If you're a textualist, you would break down the Fourth Amendment text into four questions:
(1) Is the thing to be protected a "person, house, paper or effect"?
(2) If the answer is yes to (1) above, is it the person, house, paper or effect of the individual claiming the constitutional violation (that is, is it "their" person, house, paper or effect or someone else's)?
(3) If the answer is yes to (2) above, was the individual's person, hour, paper or effect "searched" and/or "seized"?
(4) If the answer is yes to (3) above, was the search and/or seizure "unreasonable"?
So that's the text. If you follow Fourth Amendment doctrine, you know that it tends to combine Questions 1, 2, and 3 into a single question: Was the government action a search or seizure? And then the Katz test for a what is a search, from Justice Harlan's concurring opinion in Katz, is often expressed as a two-part test: First, did the person exhibit a subjective expectation of privacy? Second, if so, was that expectation of privacy an expectation that society is prepared to accept as reasonable?
At first blush the Katz test might seem contrary to the text, or at least not particularly related to it.
But here's the thing: It's pretty easy to restate the Katz test using the constitutional text. The reason is that Katz preserved all four textual questions. At times it used non-textual labels for their concepts. But Katz uses the same concepts that you encounter based on a close reading of text.

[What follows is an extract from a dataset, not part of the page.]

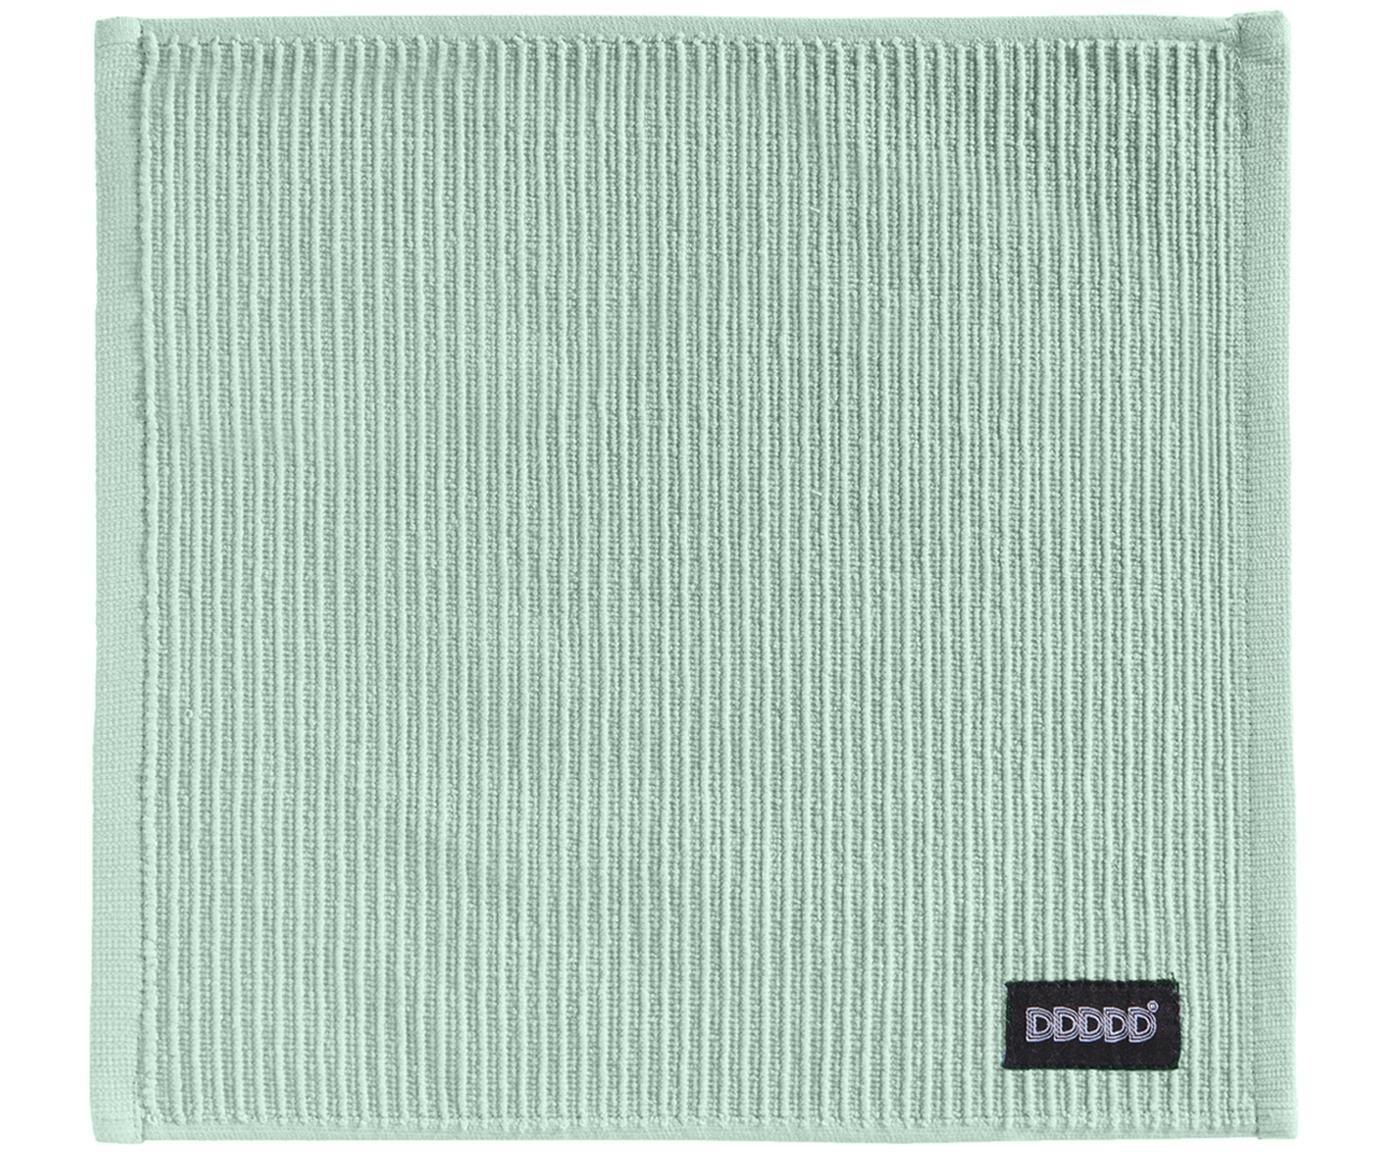 Sponsdoeken Basic Clean, 4 stuks, Katoen, Groen, 30 x 30 cm
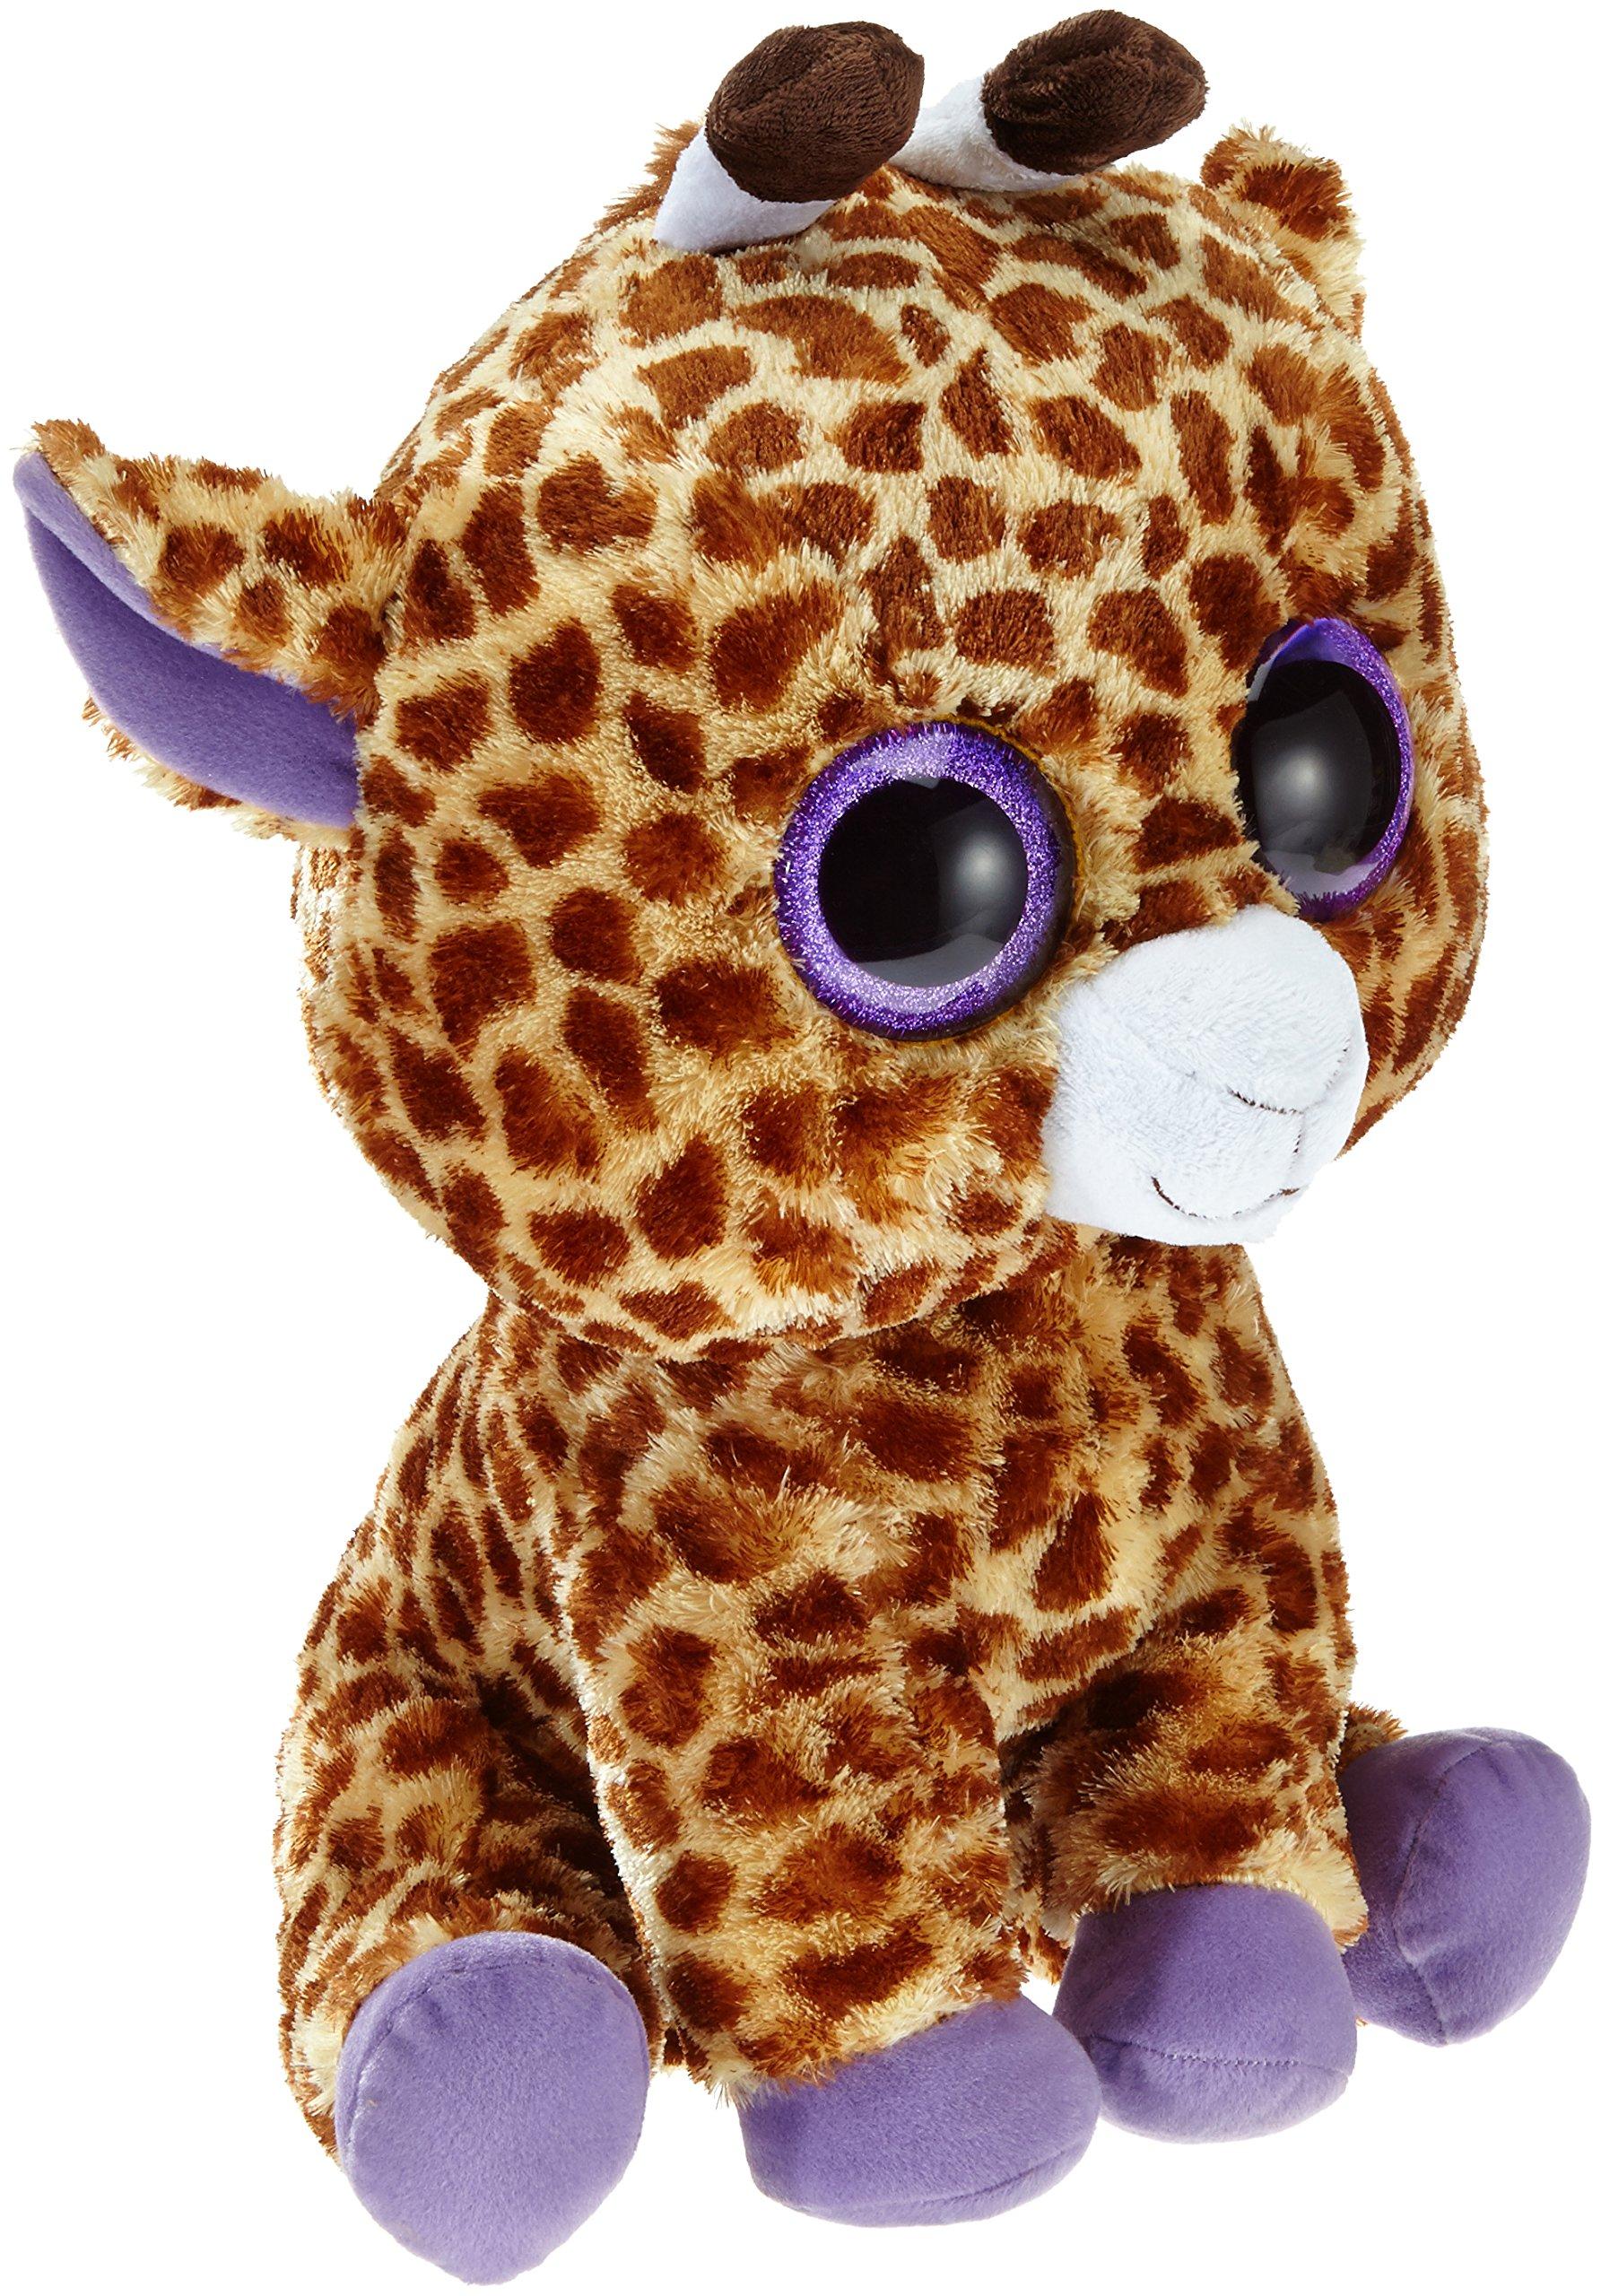 Ty Beanie Boos - Safari (Large) the Giraffe by Ty Beanie Boos

Recall the facts of Katz. The FBI taped a microphone to the top of a public phone booth Katz used to place illegal bets. When Katz went into the phone booth, closed the door, and paid for the call, the FBI turned on the microphone and recorded his side of the call. In his concurrence, later adopted by the Court, Justice Harlan identified the three major holdings of the majority opinion:
I join the opinion of the Court, which I read to hold only (a) that an enclosed telephone booth is an area where, like a home, Weeks v. United States, 232 U. S. 383, and unlike a field, Hester v. United States, 265 U. S. 57, a person has a constitutionally protected reasonable expectation of privacy; (b) that electronic as well as physical intrusion into a place that is in this sense private may constitute a violation of the Fourth Amendment; and (c) that the invasion of a constitutionally protected area by federal authorities is, as the Court has long held, presumptively unreasonable in the absence of a search warrant.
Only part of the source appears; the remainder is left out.